Data section:
^^^^^^^^^^^^^^^^

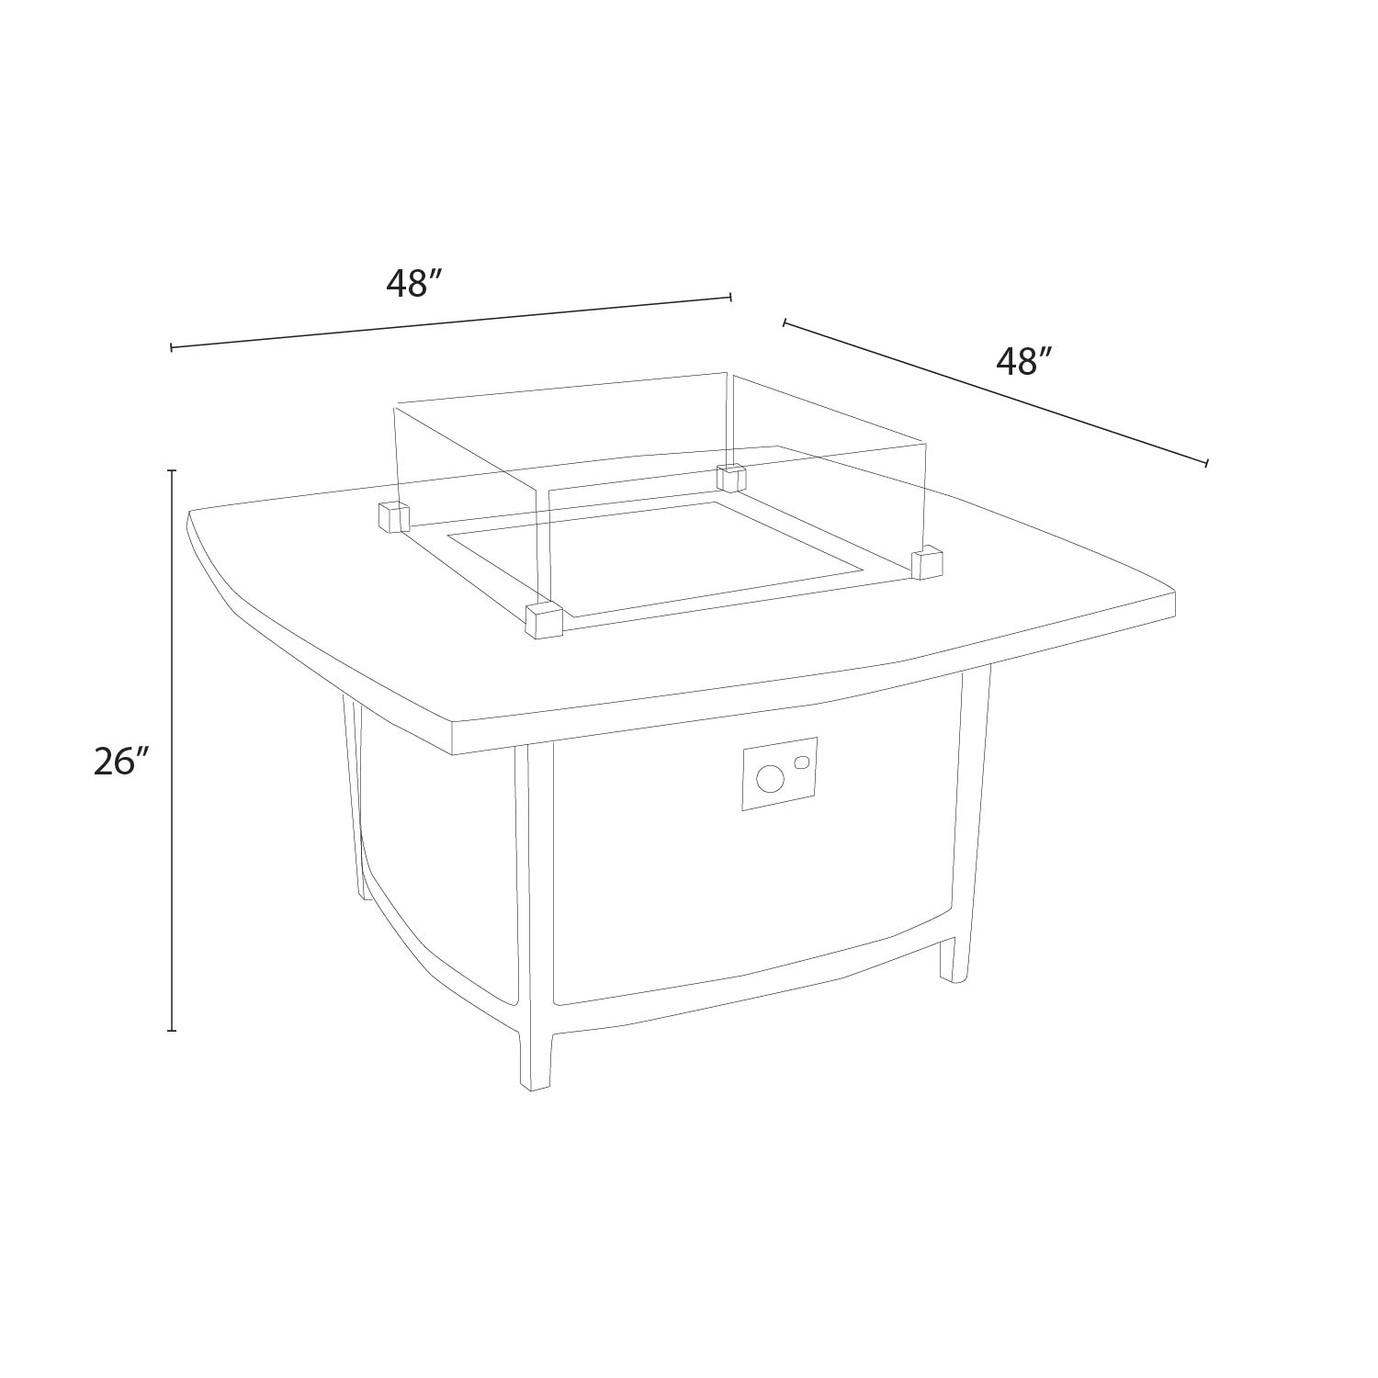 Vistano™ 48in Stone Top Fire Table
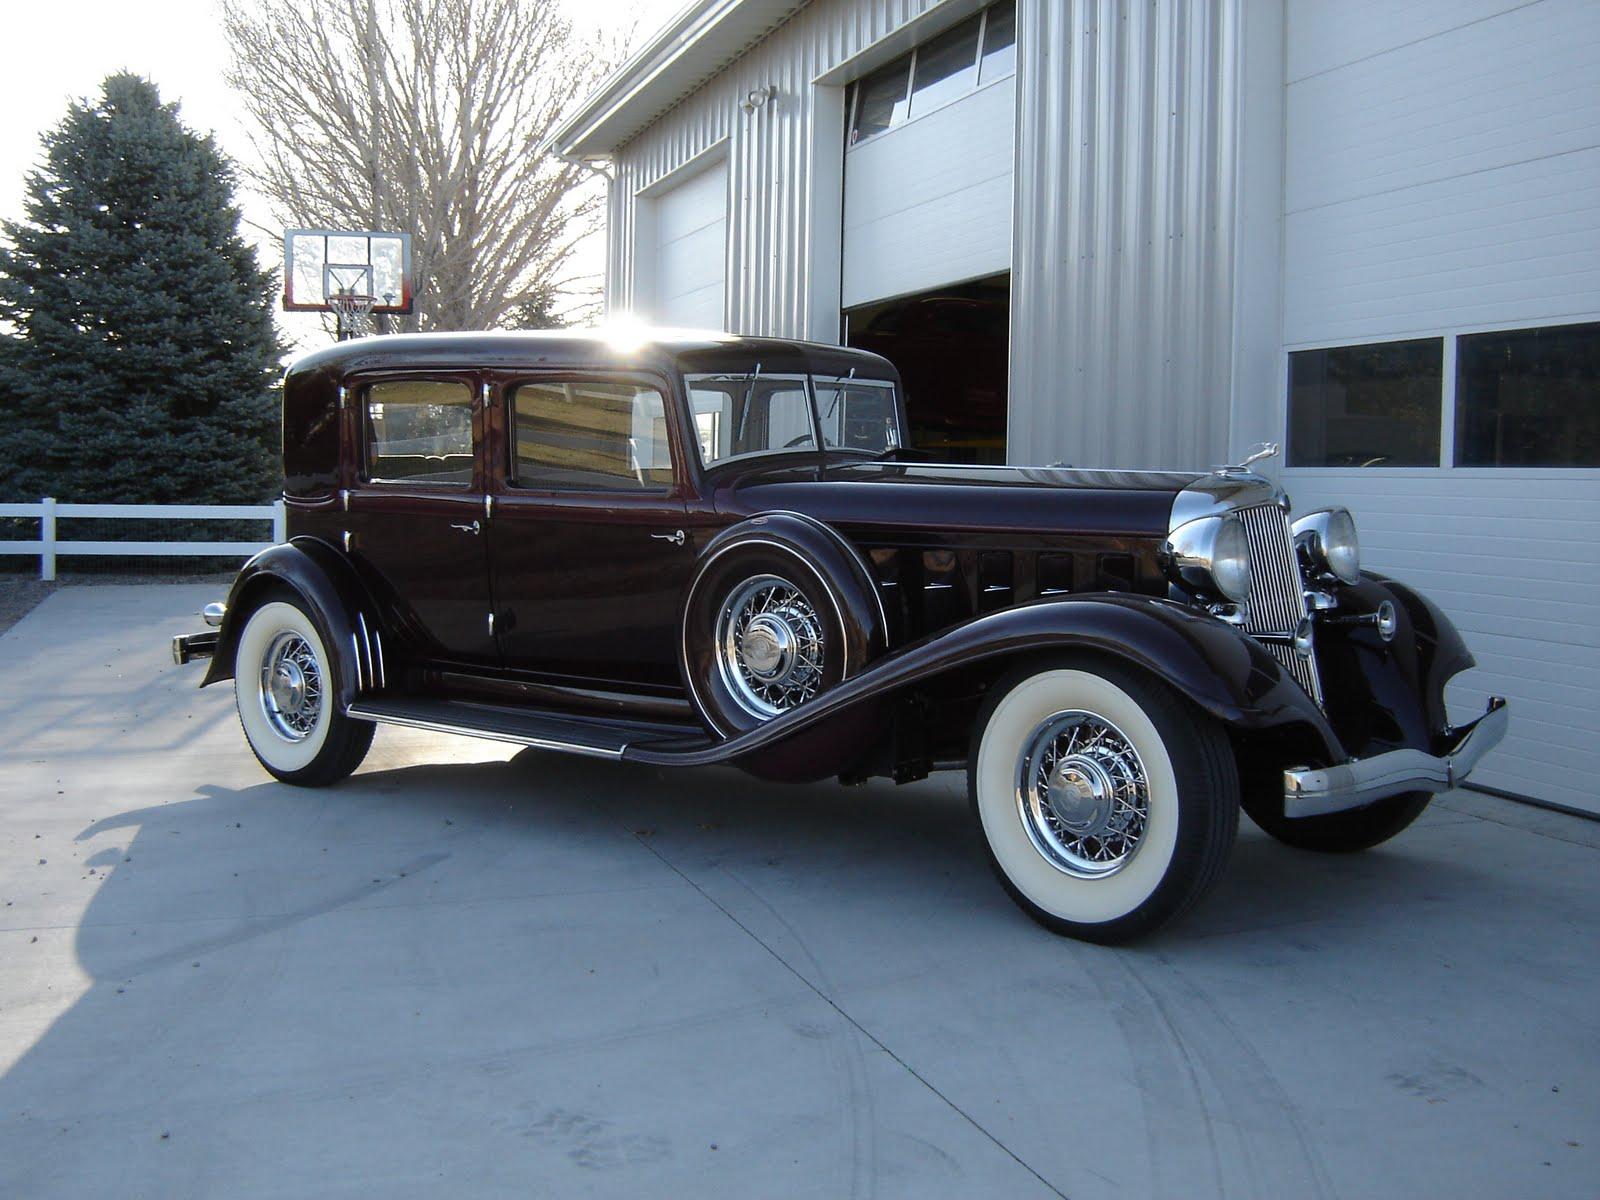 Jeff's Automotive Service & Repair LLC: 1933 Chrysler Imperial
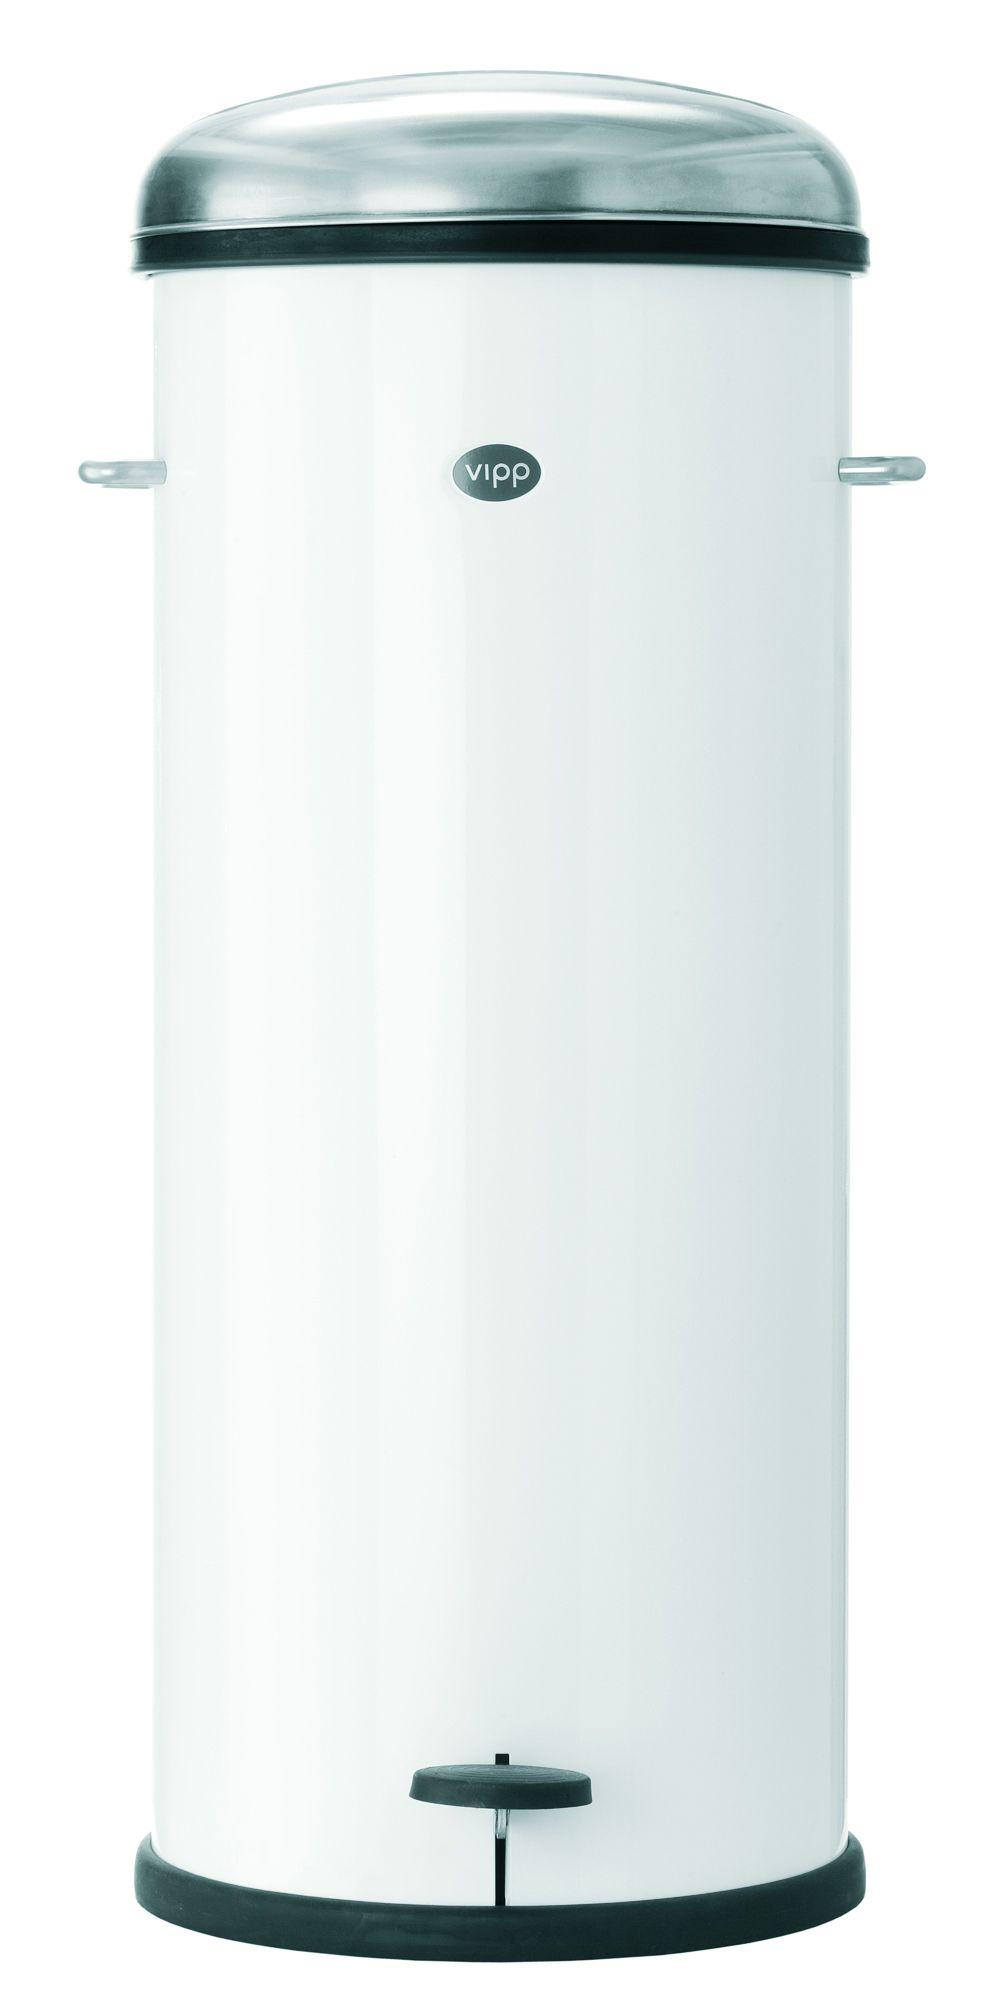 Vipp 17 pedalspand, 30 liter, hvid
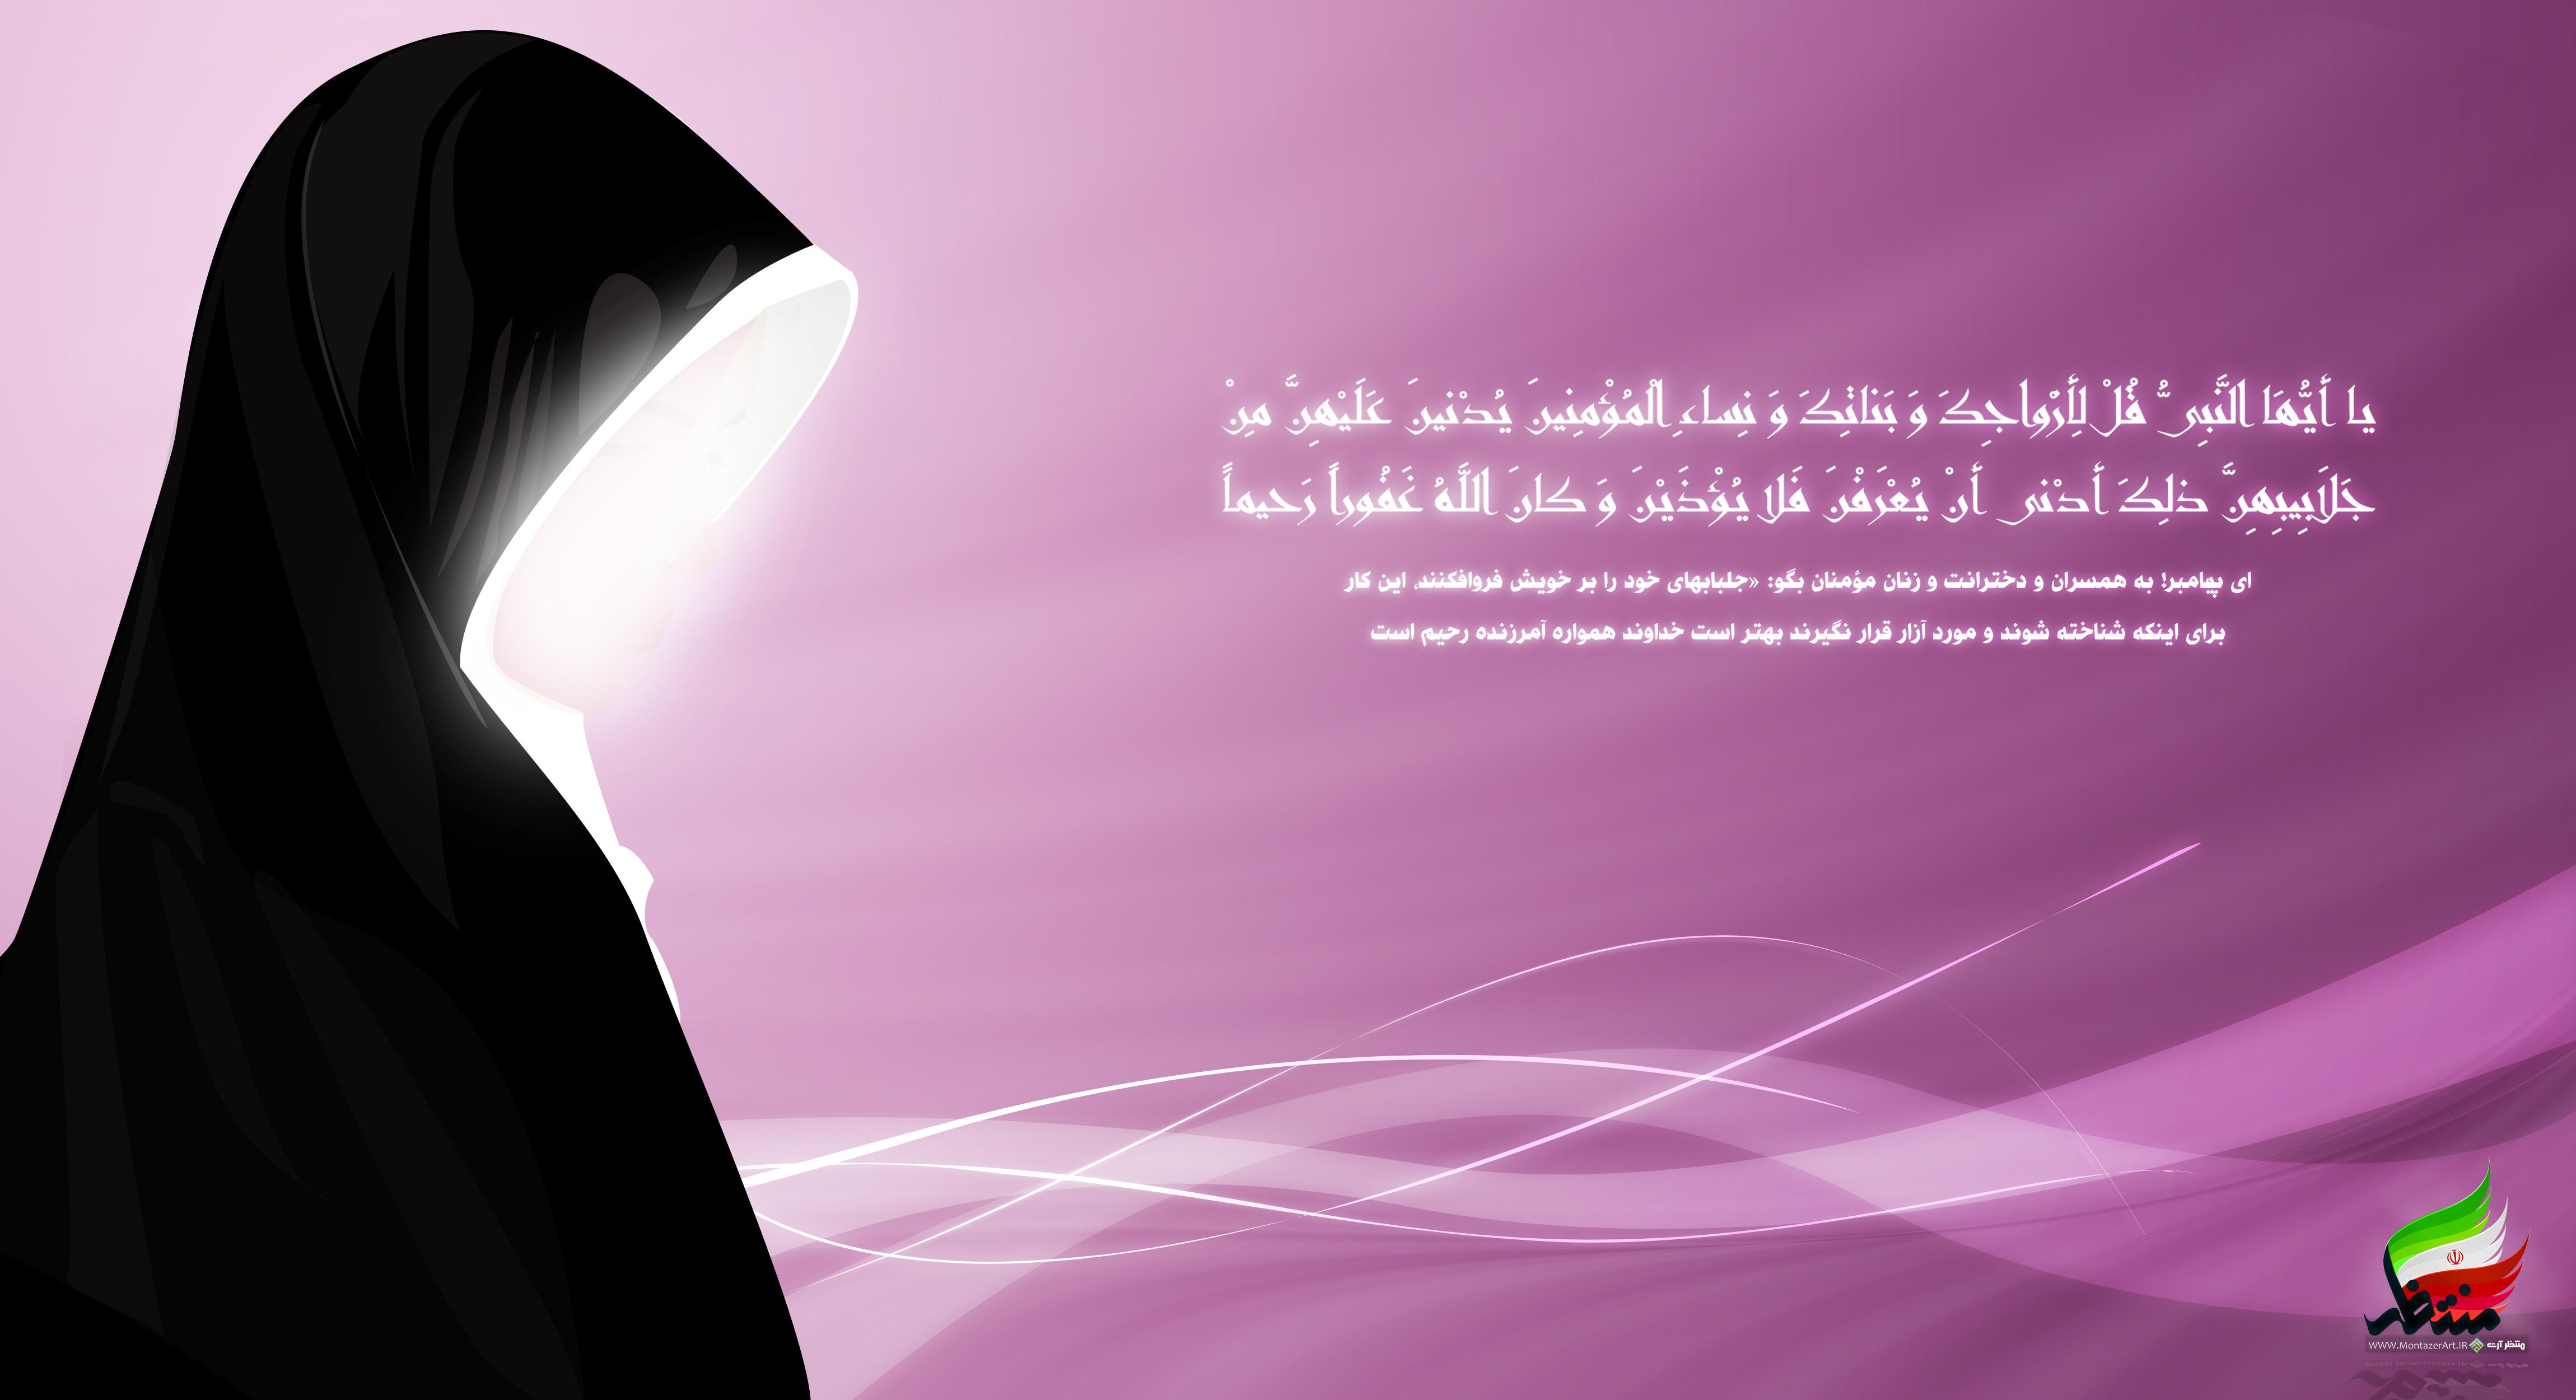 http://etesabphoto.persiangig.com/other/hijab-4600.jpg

^^^^^^^^^^^^^^^^

Try it:
Without including any pictures, print all of the material exactly as given.

Response to the task:
 Vistano™ 48in Stone Top Fire Table
 Jeff's Automotive Service & Repair LLC: 1933 Chrysler Imperial
 Vipp 17 pedalspand, 30 liter, hvid
 http://etesabphoto.persiangig.com/other/hijab-4600.jpg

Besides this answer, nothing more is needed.